# Open campsites in Peloponnese March 2012



## dmellinger (Mar 5, 2012)

Can anyone advise me of campsites which are open in Peloponnese now? Thank you, Dave.


----------



## KeithChesterfield (Mar 12, 2010)

Have a look at this campsite - open all year - www.koronicamping.com


----------



## Grizzly (May 9, 2005)

These two are:

http://www.motorhomefacts.com/modules.php?name=Campsites&op=display_results&csid=5293

http://www.motorhomefacts.com/modules.php?name=Campsites&op=display_results&csid=5305

though with the first one I'd check just before you travel as they are a little quirky ! In fact, I think, given the current situation in Greece, I might check any site before visiting and not assume it is open at all.

G


----------



## StanDup (Sep 12, 2008)

We enjoyed Caming Triton II a few miles outside Nafplio.

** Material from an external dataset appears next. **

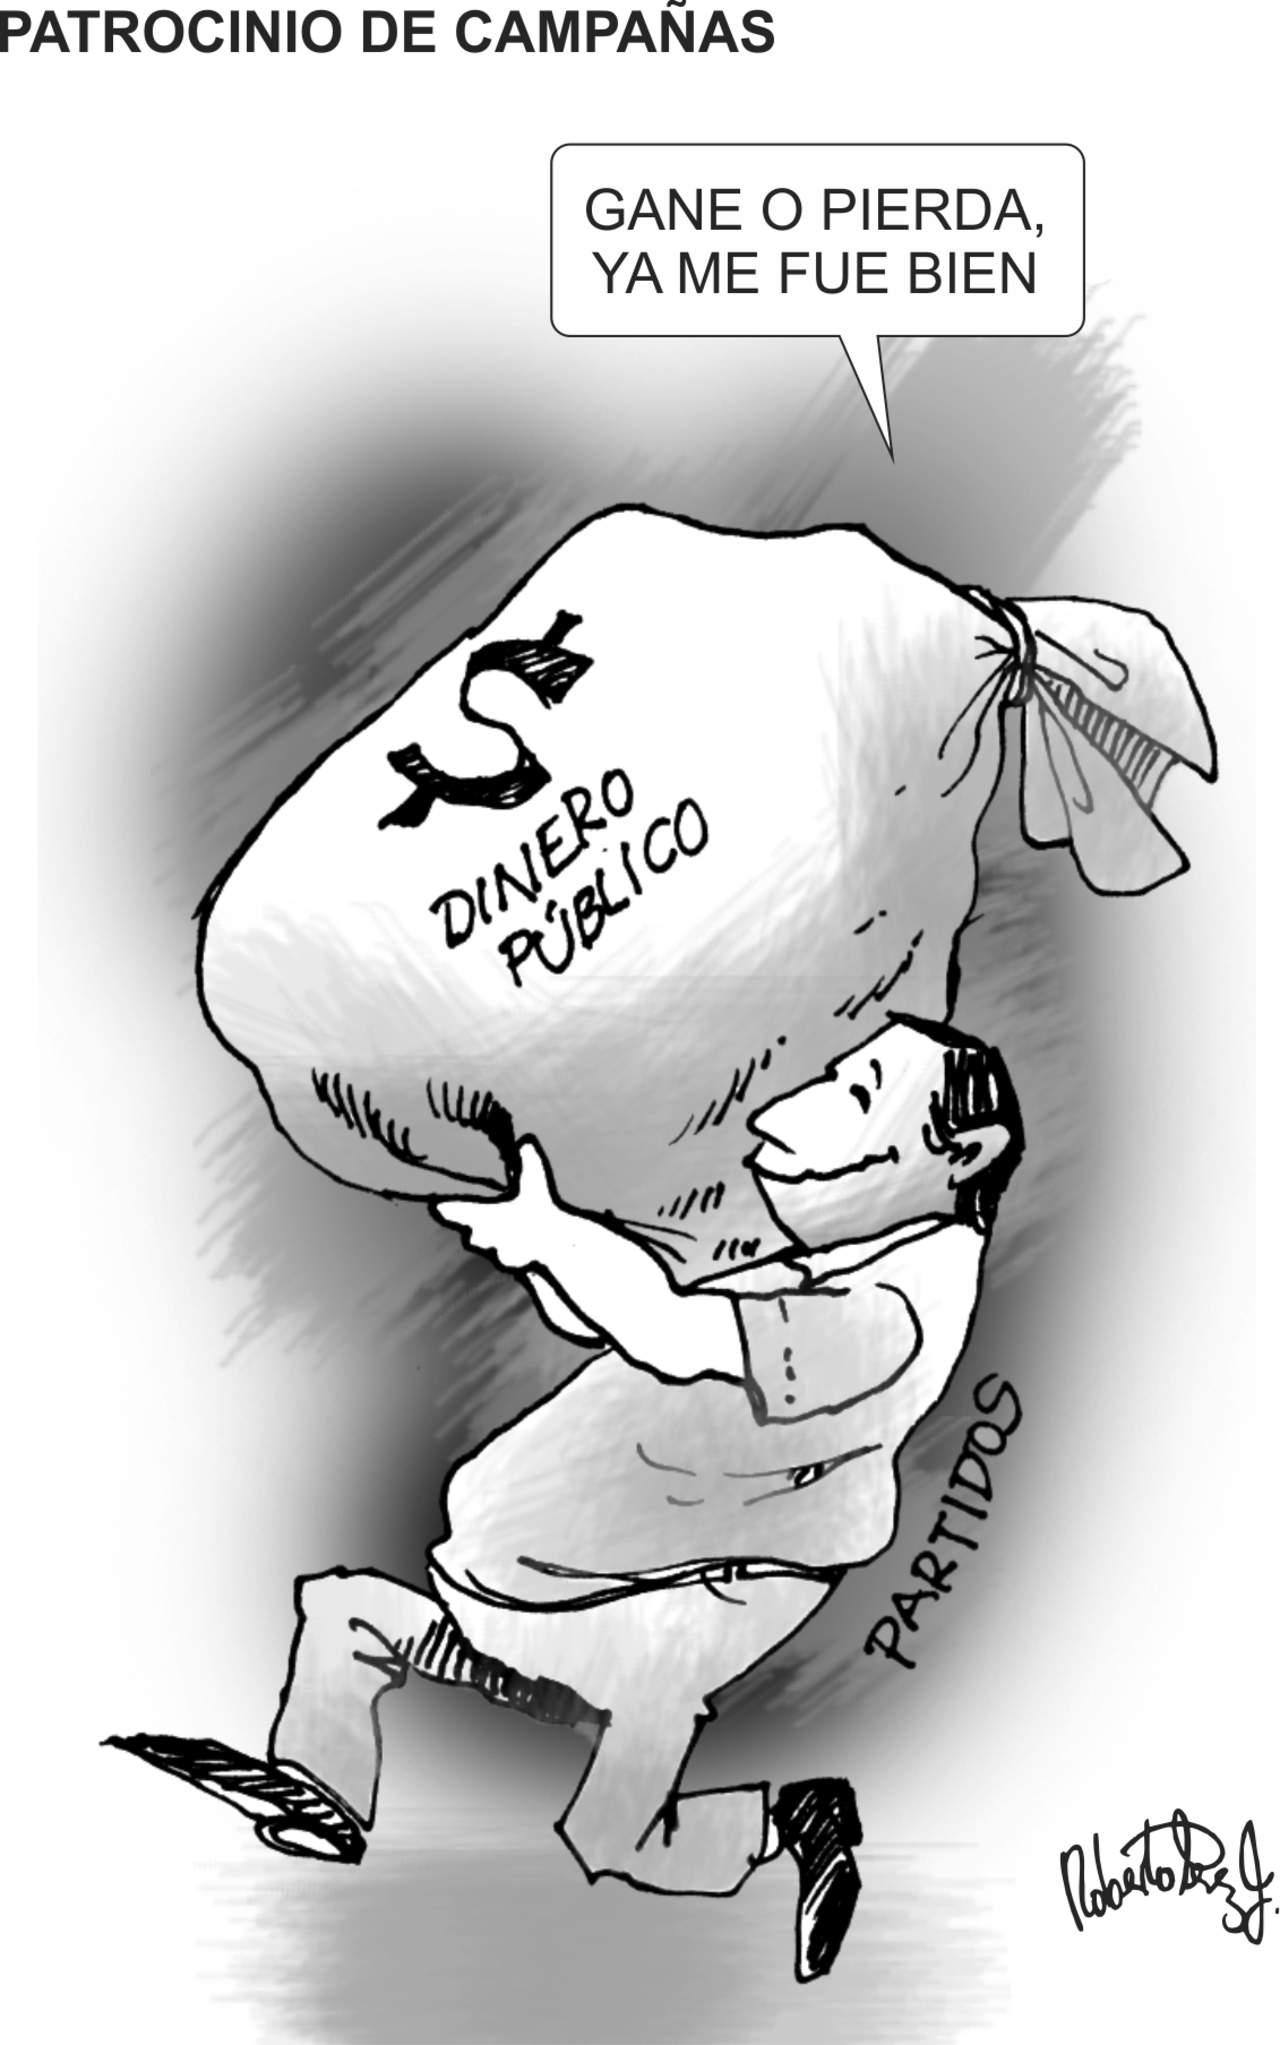 Cartón de R. Pérez

Nafplio itself is a lovely town with many places to eat and drink. The nearest village to the site is Drepano (5 min walk).

Barry and Ruth


----------



## bigfoot (May 16, 2005)

Limini bay you can wild camp there and the local taverna has water and toilets for use,it is polite to ask and even have a meal there. A few miles North of Limini bay there is a disused quarry in the hills just off a hairpin bend which has a magical view of the sunset out to sea.


----------



## Bovisand (Jan 16, 2008)

"Limini bay you can wild camp there"

Bigfoot, can you let me know were this is ?


----------



## bigfoot (May 16, 2005)

It is on the western peninsula in the Mani. I will dig out the map and give more detail later today,just going out.


----------